Herein, a novel dual-signal amplified photoelectrochemical (PEC) biosensor was successfully developed for the highly selective detection of N⁶-methyladenosine (m⁶A) methylated RNA. The PEC biosensor comprised BiVO₄–110-TiO₂ heterojunction and gold nanoparticle decorated MoS₂ (MoS₂-AuNPs) as the photoactive materials, horseradish peroxidase conjugated biotin (HRP-Biotin) as the enzymatic unit, Ag⁺-mediated cytosine pairs (C-Ag⁺-C) as the signal amplification unit, and the anti-m⁶A antibody as the m⁶A methylated RNA recognition unit. Following immunoreaction between m⁶A and the anti-m⁶A antibody, the C-Ag⁺-C structure of the hairpin DNA unfolded, yielding the duplex strand DNA (dsDNA) and releasing Ag⁺ ions. Superoxide ions (O₂^-) generated by the action of HRP on H₂O₂ then served as an electron donor, resulting in the deposition of Ag on AuNPs surface and resulting in an increased photocurrent. Based on this change f the photocurrent, m⁶A could be accurately assayed using this dual-signal amplified PEC biosensor. The biosensor showed high selectivity and a very low detection limit of 1.665 pM for m⁶A, and was successfully applied to evaluate the content change of m⁶A in leaves of maize seedling and chicken fetal hepatocytes samples after treatment with chemical mutagen of ethylmethane sulfonate and hormone of insulin, respectively.

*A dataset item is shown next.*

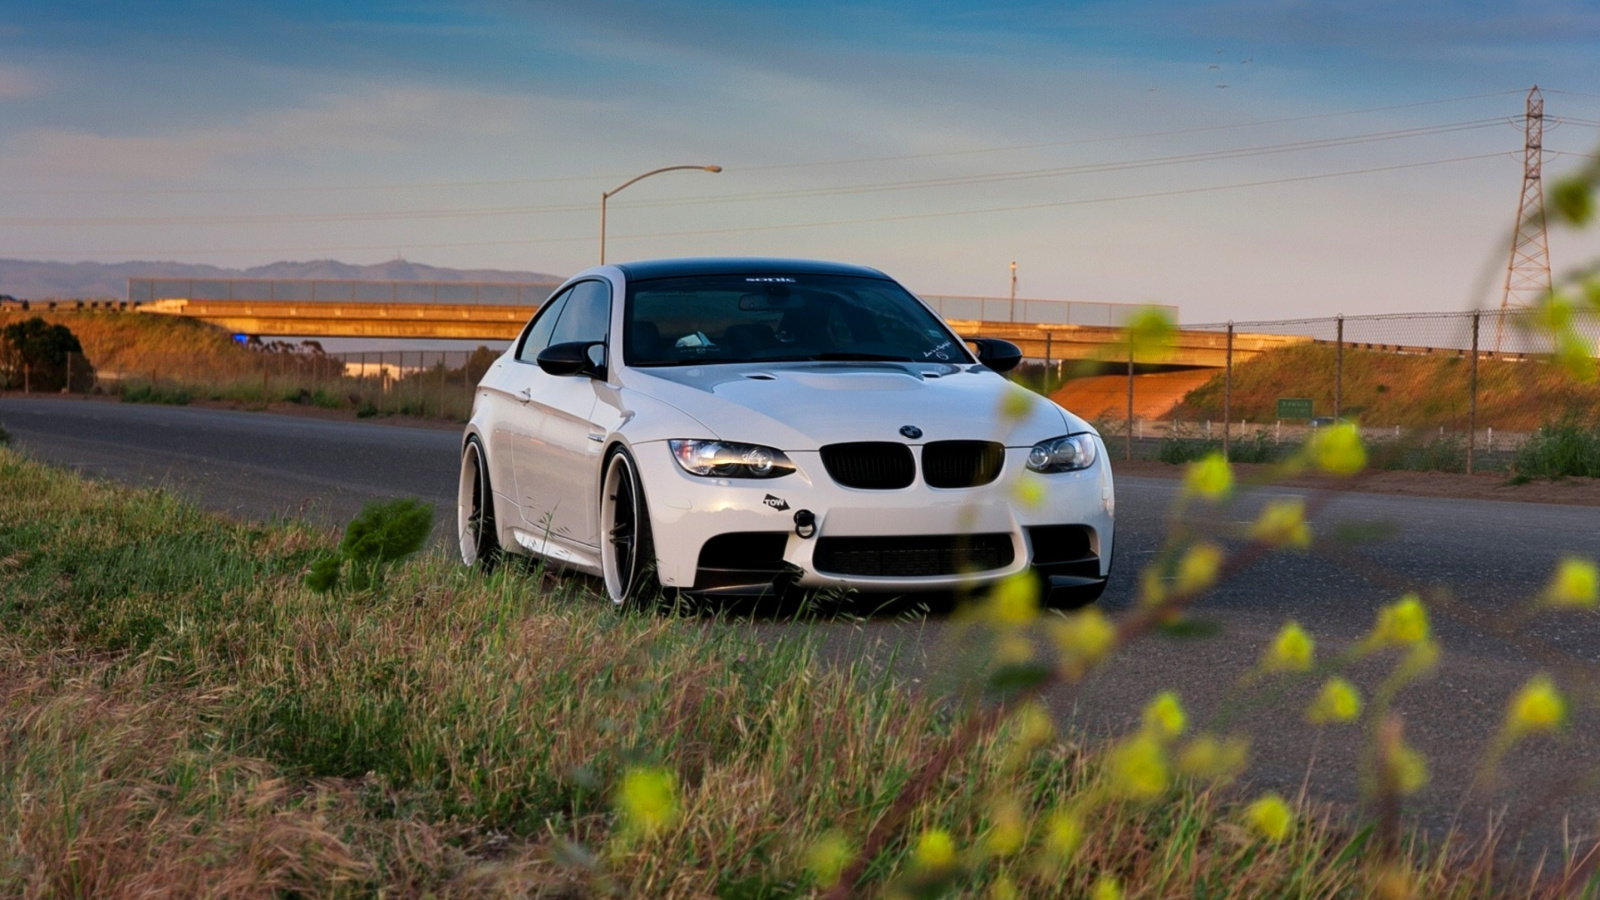 BMW M3 with Wheels 19 wallpaper 1600x900

在此，成功开发了一种新型双信号放大光电化学 (PEC) 生物传感器，用于高选择性检测 N ⁶ -甲基腺苷 (m ⁶ A) 甲基化 RNA。PEC 生物传感器包括 BiVO ₄ –110-TiO ₂异质结和金纳米粒子装饰的 MoS ₂ (MoS ₂ -AuNPs) 作为光活性材料，辣根过氧化物酶结合生物素 (HRP-Biotin) 作为酶促单位，Ag ⁺介导的胞嘧啶对 ( C-Ag ⁺ -C)作为信号放大单元，抗m ⁶ A抗体作为m ⁶ A甲基化RNA识别单元。继 m ⁶之间的免疫反应A 和抗-m ⁶ A 抗体，发夹 DNA的 C-Ag ⁺ -C 结构展开，产生双链 DNA (dsDNA) 并释放 Ag ⁺离子。HRP 对 H ₂ O ₂的作用产生的超氧离子 (O ₂ ^- )然后充当电子供体，导致 Ag 在 AuNPs 表面沉积并导致光电流增加。基于光电流的这种变化，可以使用这种双信号放大 PEC 生物传感器准确测定m ⁶ A。该生物传感器对 m ⁶ A显示出高选择性和 1.665 pM 的极低检测限，并成功应用于评估 m ⁶的含量变化分别用甲基磺酸乙酯化学诱变剂和胰岛素激素处理后的玉米幼苗和鸡胎肝细胞样品的叶子中的 A。